- Developer: Natsume
- Publisher: Taito
- Platform: Famicom
- Release: JP: January 31, 1992;
- Genre: Platform
- Mode: Single-player

= Don Doko Don 2 =

1992 video game

 is a 1992 side-scrolling 2D platform game developed by Natsume and published by Taito for the Famicom. It was only released in Japan. It is the sequel to the arcade game Don Doko Don.

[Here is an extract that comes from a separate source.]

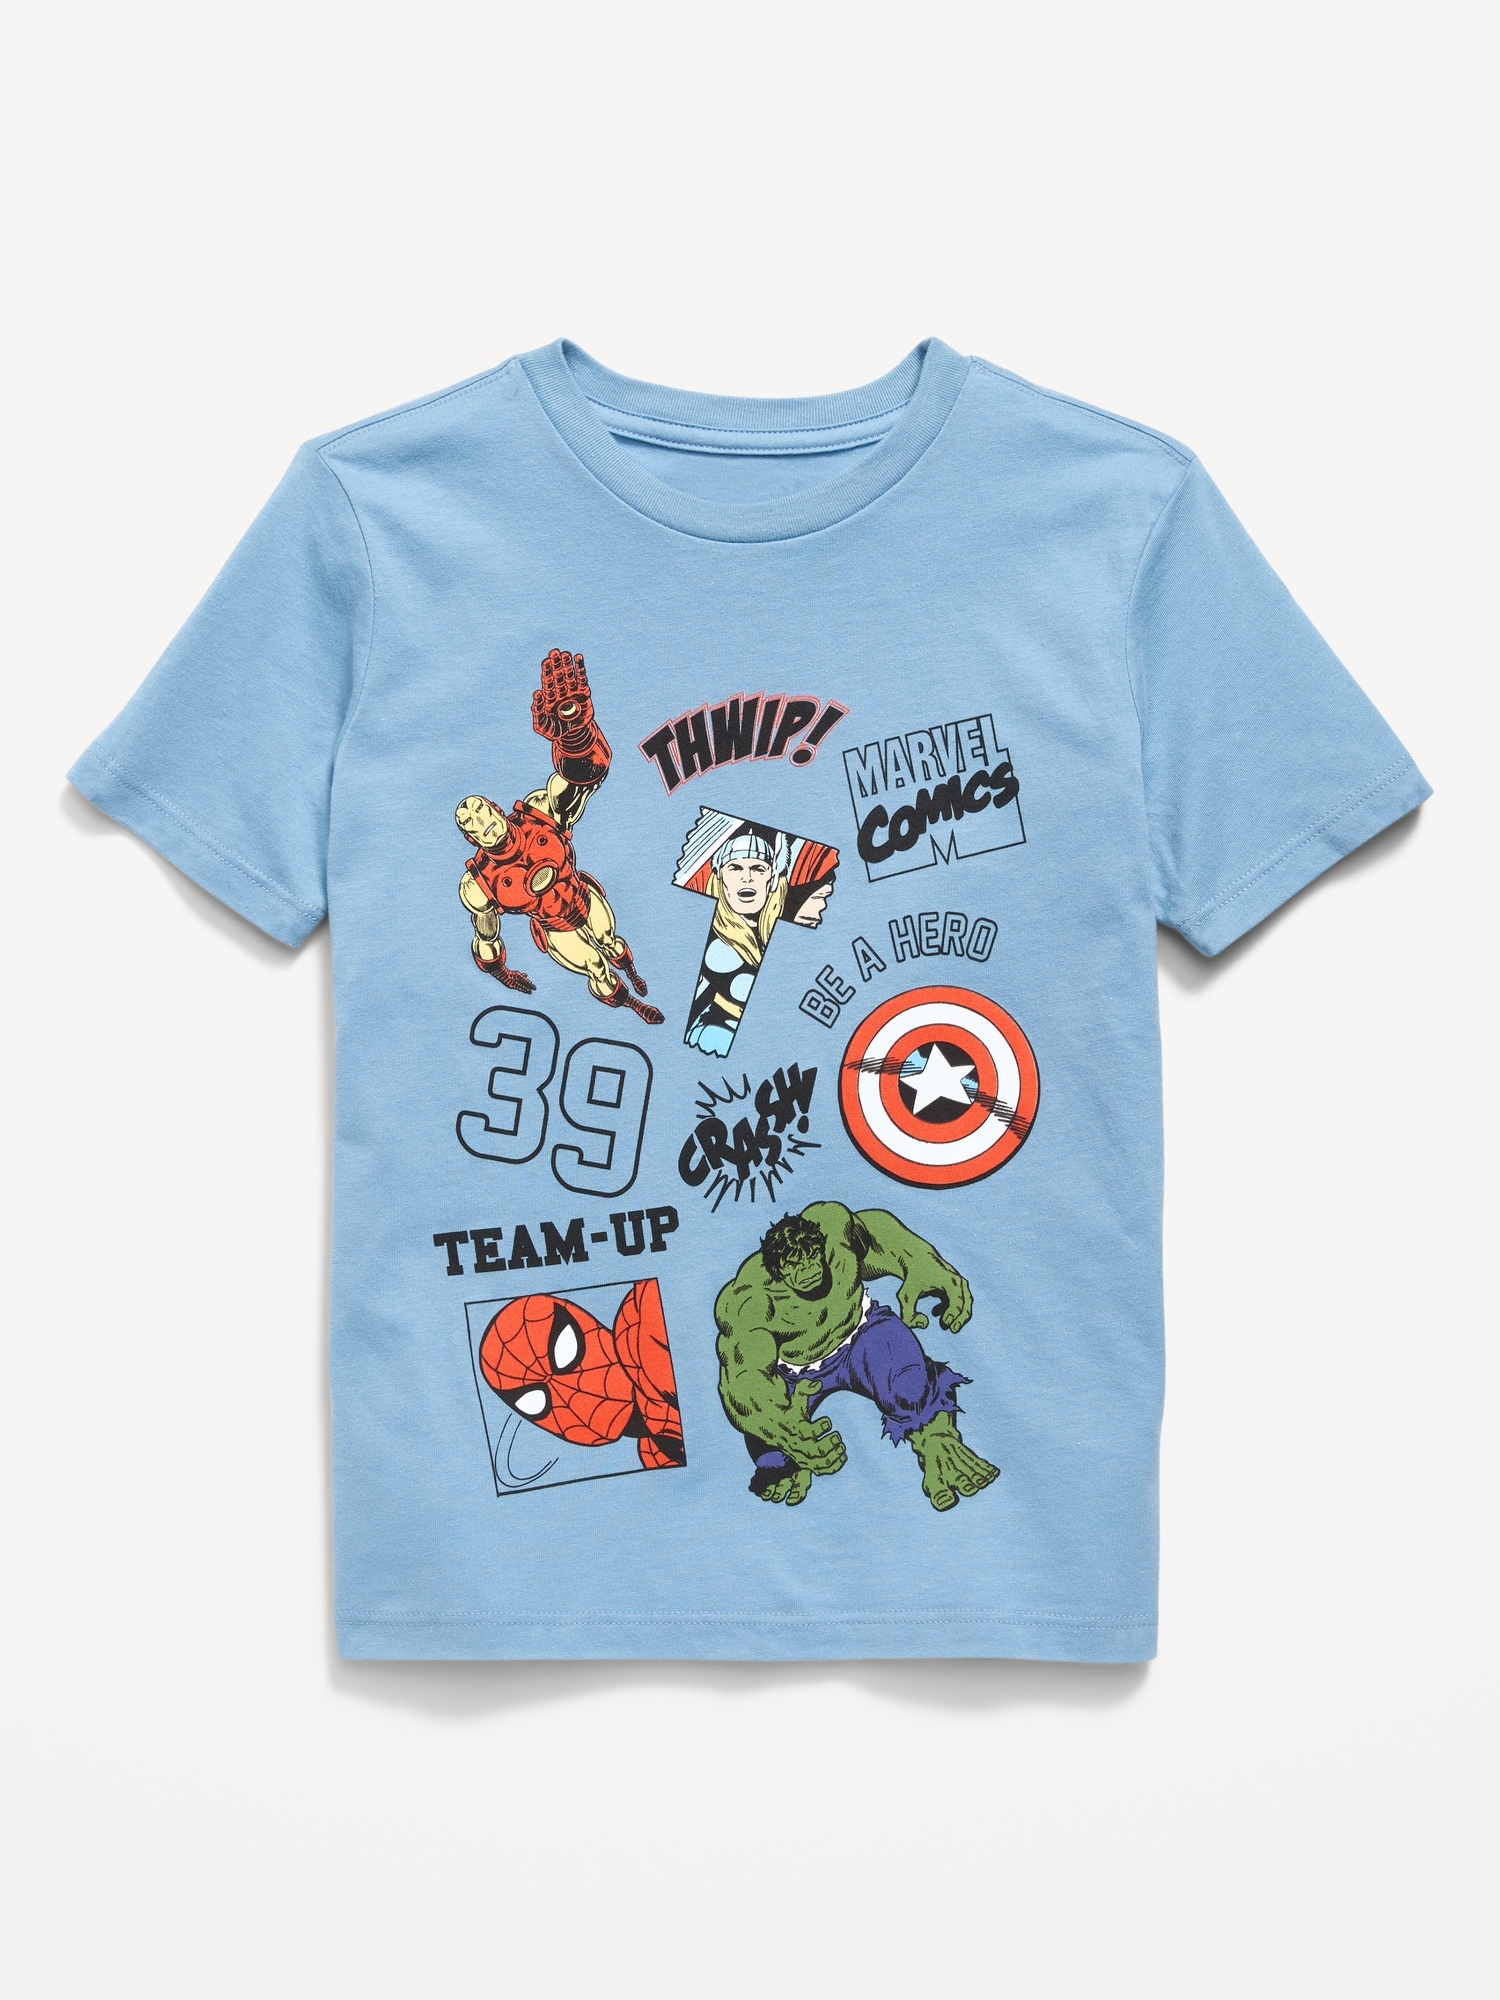 arvel Gender-Neutral Graphic T-Shirt for Kids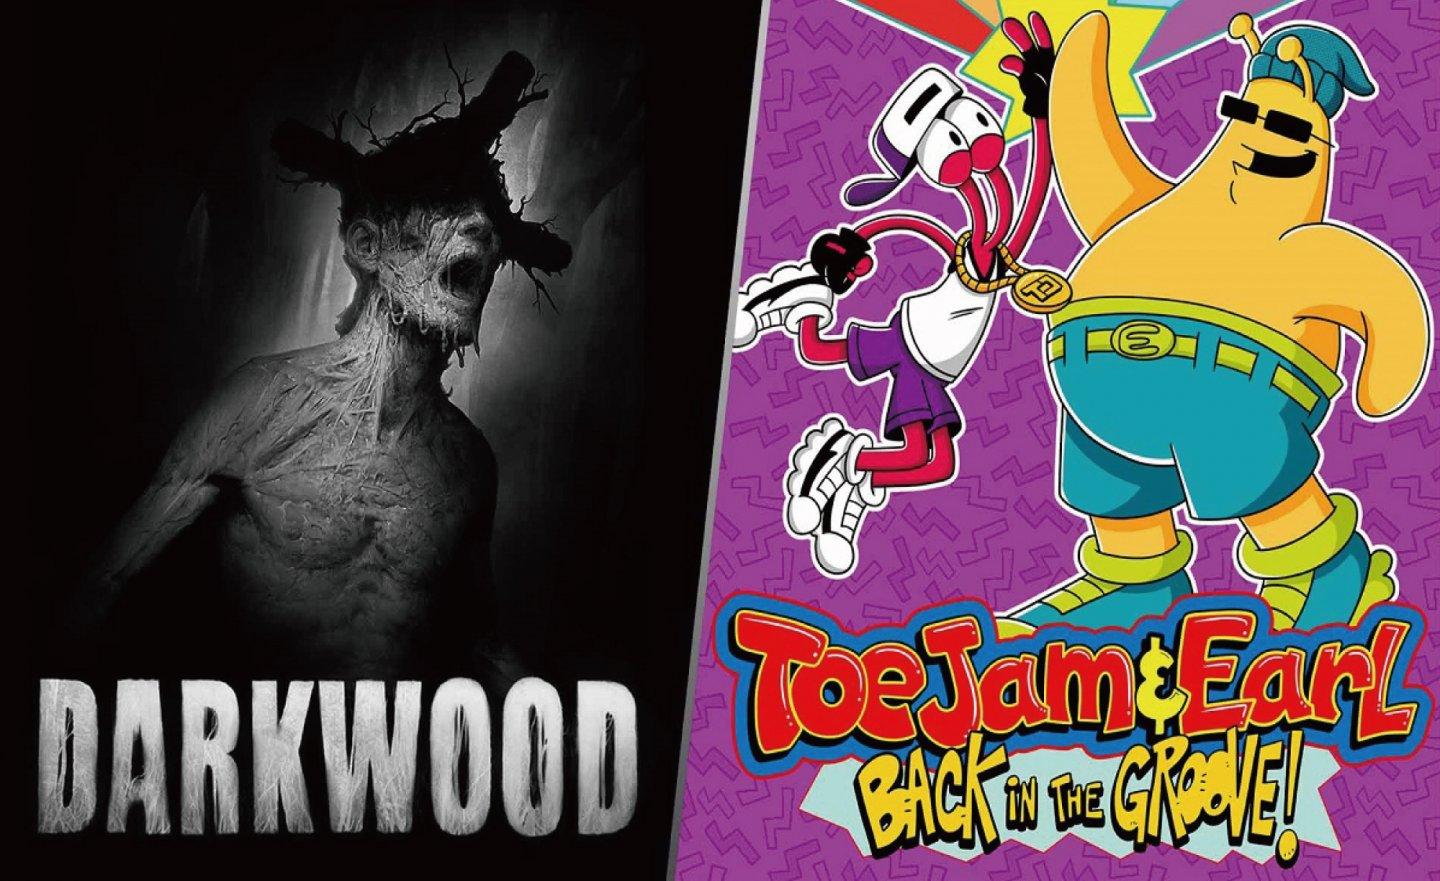 【限時免費】《Darkwood 陰暗森林》、《ToeJam & Earl: Back in the Groove!》兩款遊戲放送中，快搶在 2022 年 10 月 20 日 23:00 前領取

The game was released as part of the limited edition Pocket Player handheld by My Arcade worldwide in January 2020, alongside its predecessor and Chack'n Pop.

== Plot ==
According to the opening cutscene, the Prince of the land is going to marry the Princess until a mysterious crow comes and turns the Prince into a frog with a strange potion. The Princess faints from horrible shock. The news gets out to the land and a witch summons the bearded dwarves to receive the ingredients of the antidote (the bags that appear at the end of each stage) and turn the Prince back to normal so they may continue the royal wedding.

== Gameplay ==
Similar to the original Don Doko Don, the player controls Bob, a bearded dwarf wielding a hammer to flatten enemies and throw them, but unlike the original, this version is single-player only and a side-scroller. The game consists of five stages, each having a boss battle at the end. The player's goal is to reach the end of each stage, defeat a boss and collect a bag containing an ingredient for the antidote to advance to the next stage.